Зося осталась холодна к живописи, восторженности Вепринцевой Гончаровой и Врубелем не разделяла. Бочинская выставляла розовый шелковый палантин, отороченный собольими хвостами, приобретенный в меховом ателье мадам Цыплаковой, и с «птичьего дуазо»[47] оглядывала картины в рамах. А среди одеяний посетителей преобладал цвет хаки и стиль милитари, яркий розовый смотрелся вызывающе. На выставке Зося впроброс сообщила о возможности брони по одному вакантному месту на «Гном-Роне».
После расставания с подругой Женечка, не до конца оформив свою идею и не продумав, что именно будет говорить, бросилась с Большой Дмитровки в Кривой переулок. Однажды ей довелось побывать в галдарейках, о чем остались не лучшие воспоминания. Тогда они счастливые, а может быть, Жене казалось, что счастливы оба, гуляли зимнею Москвой, озябнув на морозе. Пальцы в ее муфточке, казалось, остекленели. Филипп предложил согреться у него в дому, уверяя, ничей покой не нарушат, так как будут совершенно одни. И Женя, к своему удивлению, не чинясь, согласилась. Он вел ее, не дорожившую собой, поддерживая за локоток, нес забавную чепуховину, и оба они тогда походили на беззаботную детвору, безоговорочно беспечальную во всяком моменте существования.
Несмотря на рекордно низкие отметки ртути в Реомюре у дверей в галдарейках и той зимой возились жильцы: кто раздувал сапогом самовар на шишках, кто лупил что есть силы по ковру на снегу, кто валенки чистил веничком, и все с прибауткой, с потешкой, с закличкой. Филиппову барышню оглядели с головы до ног да вслед частушку запустили, срамную. Кавалер промолчал.
Дома не топлено, уюта нет. Мрачно и тесно. И запах. Плесень? Гниль? Сырость? Женя никак не могла разобрать, что за запах ее преследует, будто дух смерти и разложения. Спросить прямо не решилась.

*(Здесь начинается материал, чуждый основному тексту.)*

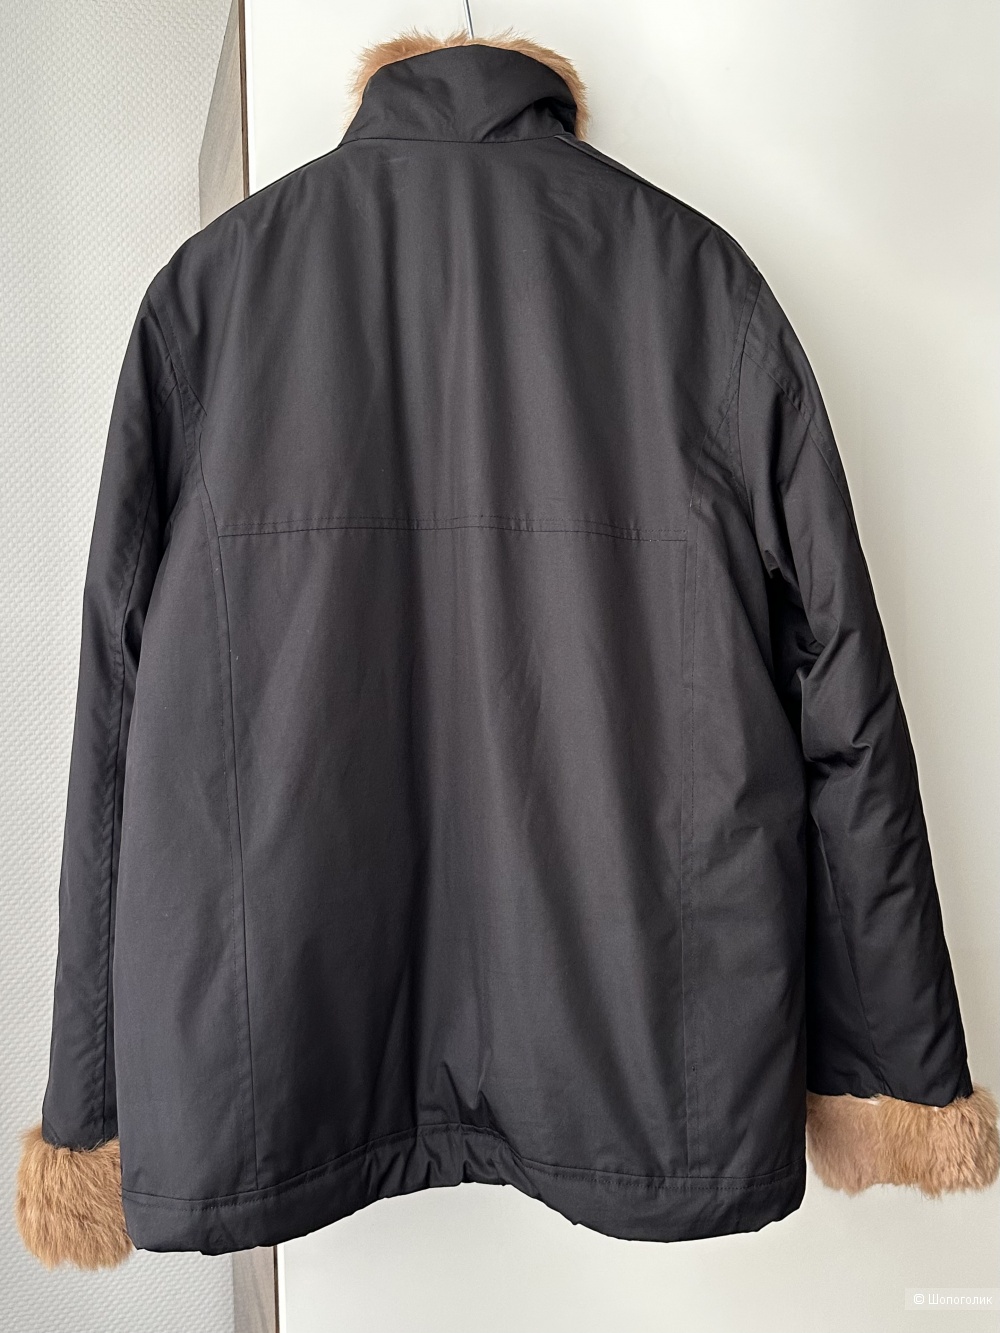 Куртка Haky Paky размер S-M
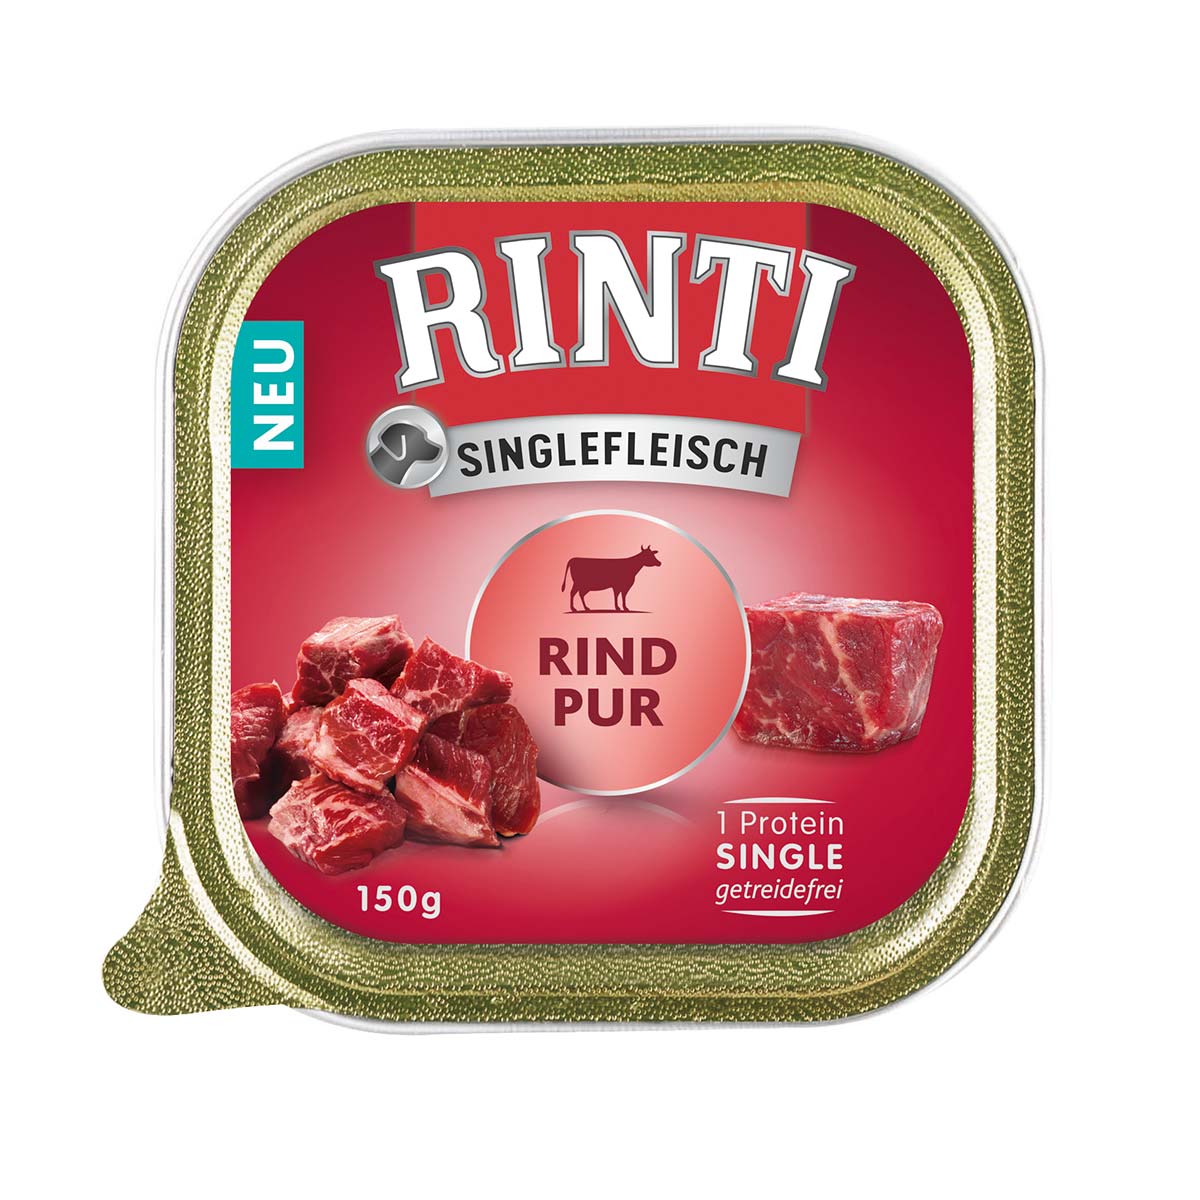 RINTI Singlefleisch Rind Pur 10x150g

В какой-то момент ее руки оказались в руках Филиппа, его губы так близко к ее губам, что запахи, мрачность и теснота отошли, казалось, комнату наполняет белый цвет, цвет снега, чистоты, обновления. Но что-то глухо оброненное близко за стеной разбило тишину комнаты, и пространство ее вновь наполнилось темнотой и душком гниения. Филипп в досаде нехорошо отозвался о матери, упрекнув в ротозействе и выбранив мышью. Тогда Женечка быстро распрощалась и ушла, ни с кем так не встретившись при уходе.
Теперь, в конце лета, и подавно при входе в галдарейки толпился народ. Из открытых створками на длинный сквозной проход окон шел неаппетитный дух, словно сдохла армия кротов или суп варят из гнилого буряка. Вслед Жене снова неслись шуточки и отвязные фразы. Теперь с трудом отыскав квартиру Удовых, постучала, не сумев нажать кнопку звонка, что не удивило: всякие простые механизмы ее не слушались, собственно, как и сложные. Дверь поспешно отворила прислуга с испуганными глазами и в истертом платке крест-накрест. Гостью оставили в столовой, откуда теперь слышались обрывки разговора в приглушенных тонах.
– Экая вы дура, мамаша… теперь уж что… поздно… ведите… куда, куда? в комнаты…
Женя зарделась, эта перепуганная немолодая женщина, походившая на работавших «одной прислугой», то есть на все виды работ, есть мать Филиппа?
– Прощу прощения, Евгения Арсеньевна, за домашний вид.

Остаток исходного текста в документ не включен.